An exact transcription of all the data is required; the pictures are to be left out.

#### INFORMATION PROVIDED:
*** Begin section ***
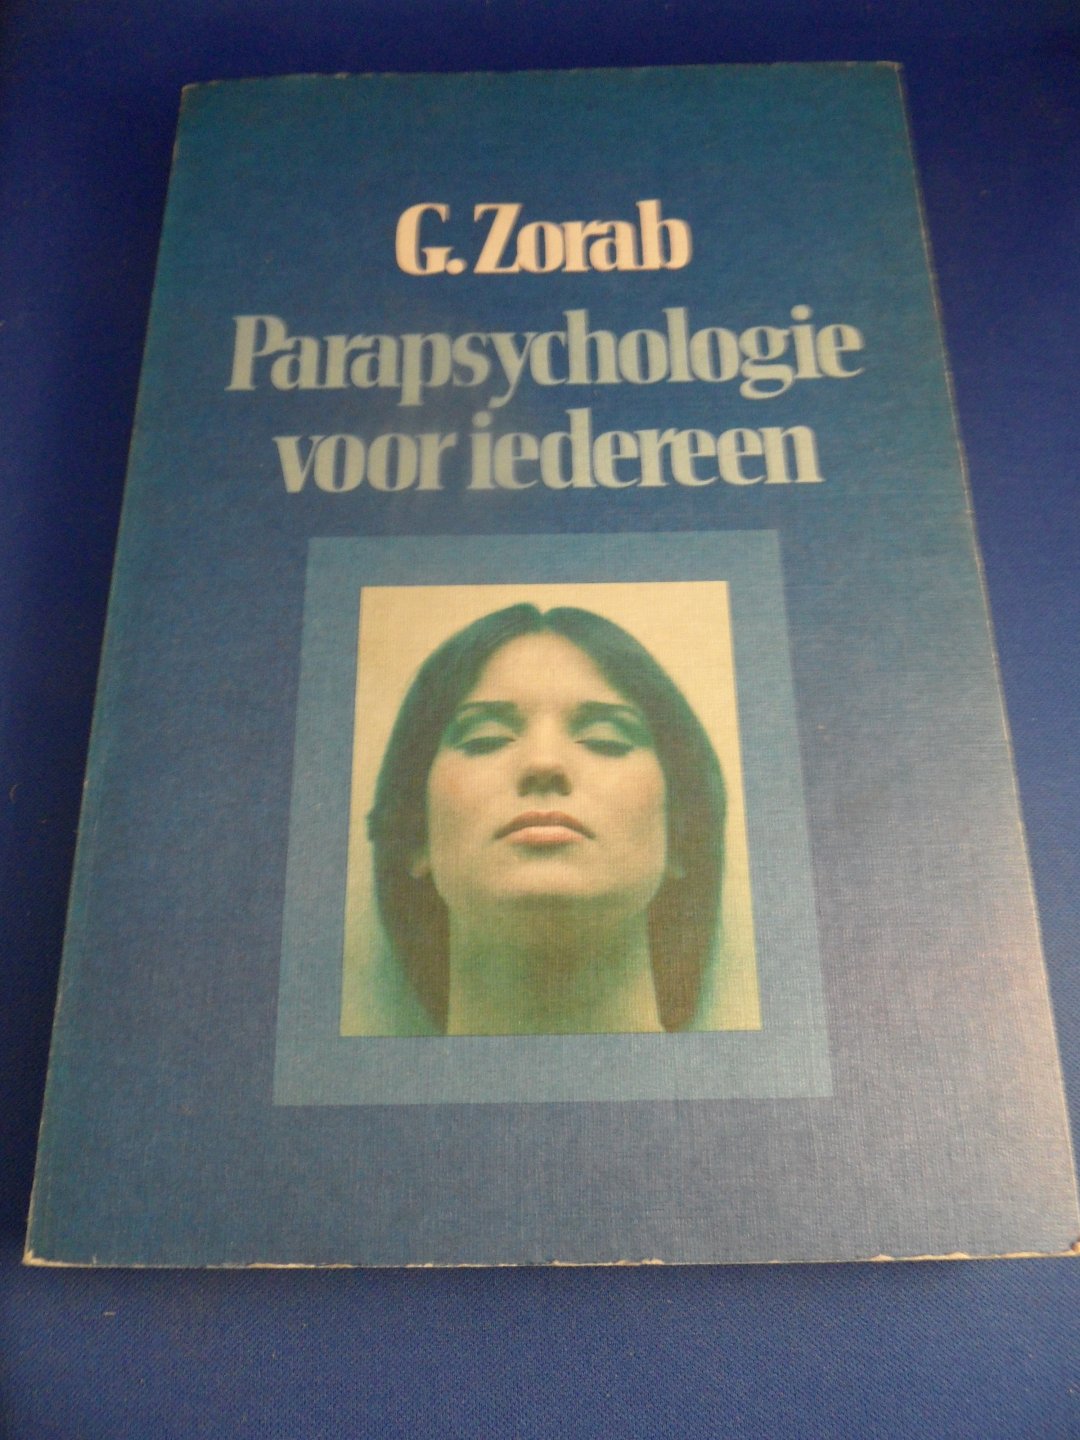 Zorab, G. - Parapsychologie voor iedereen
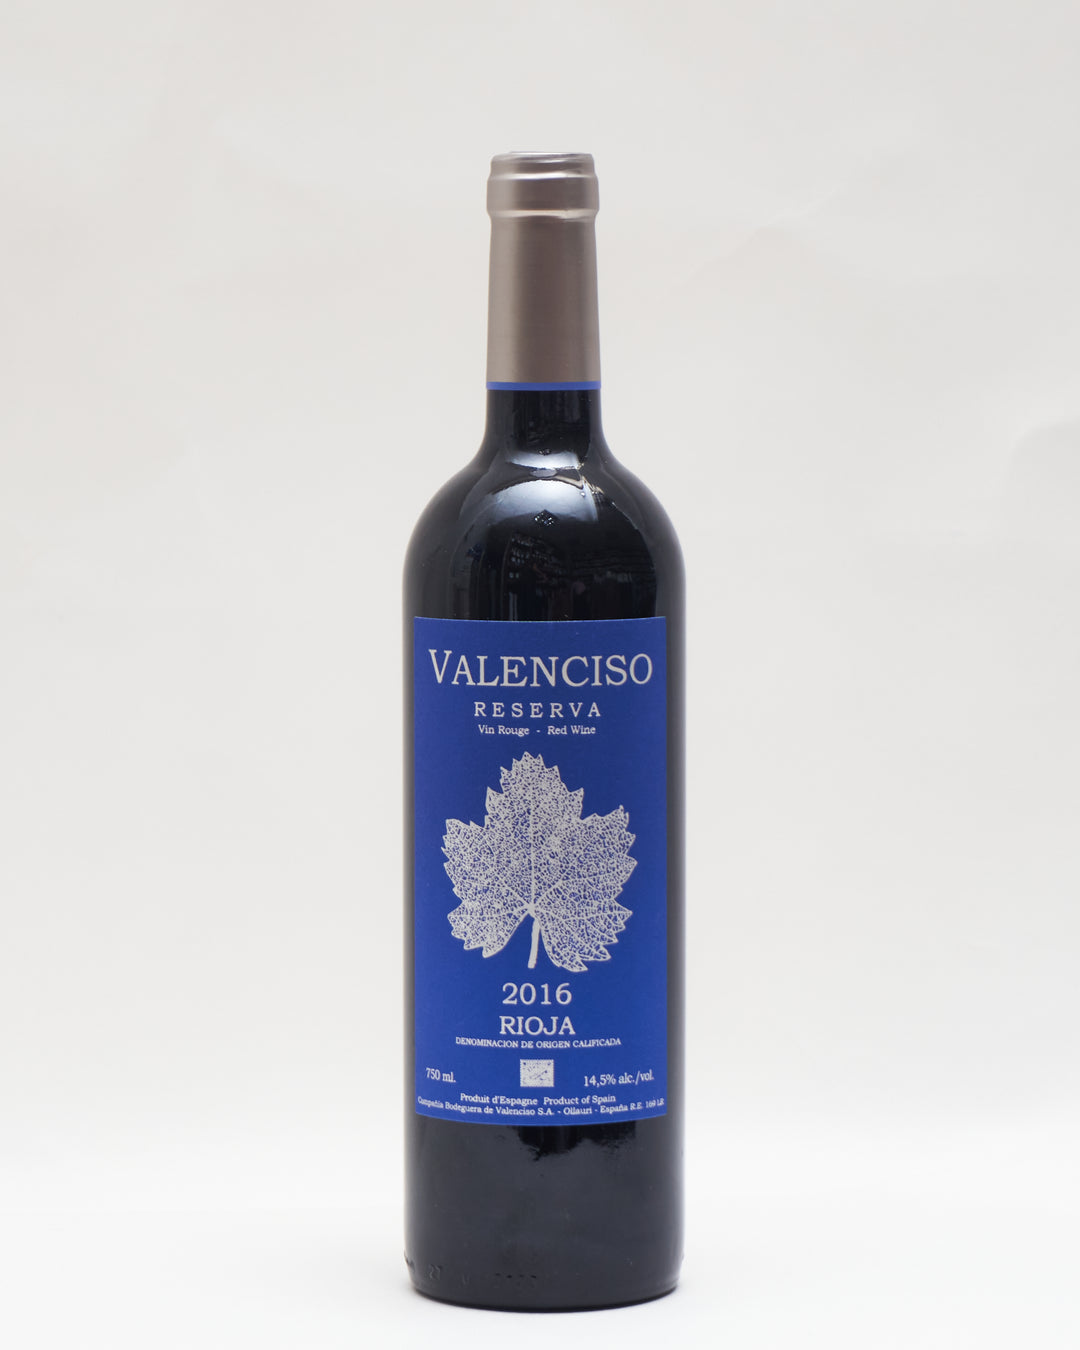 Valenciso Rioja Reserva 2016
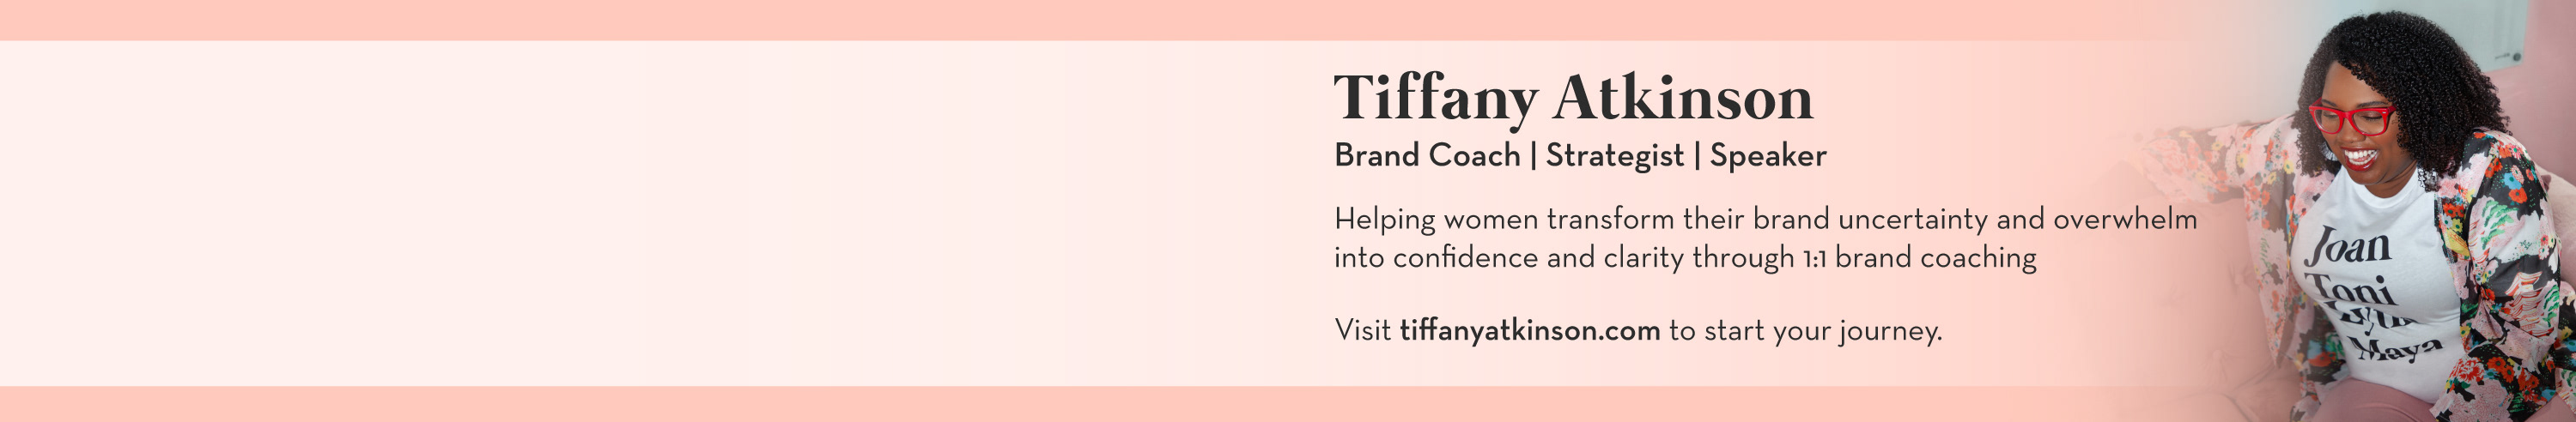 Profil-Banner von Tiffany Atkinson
*** End section ***
#### REPLY:
 Zorab, G. - Parapsychologie voor iedereen
 Valenciso Rioja Reserva 2016
 Profil-Banner von Tiffany Atkinson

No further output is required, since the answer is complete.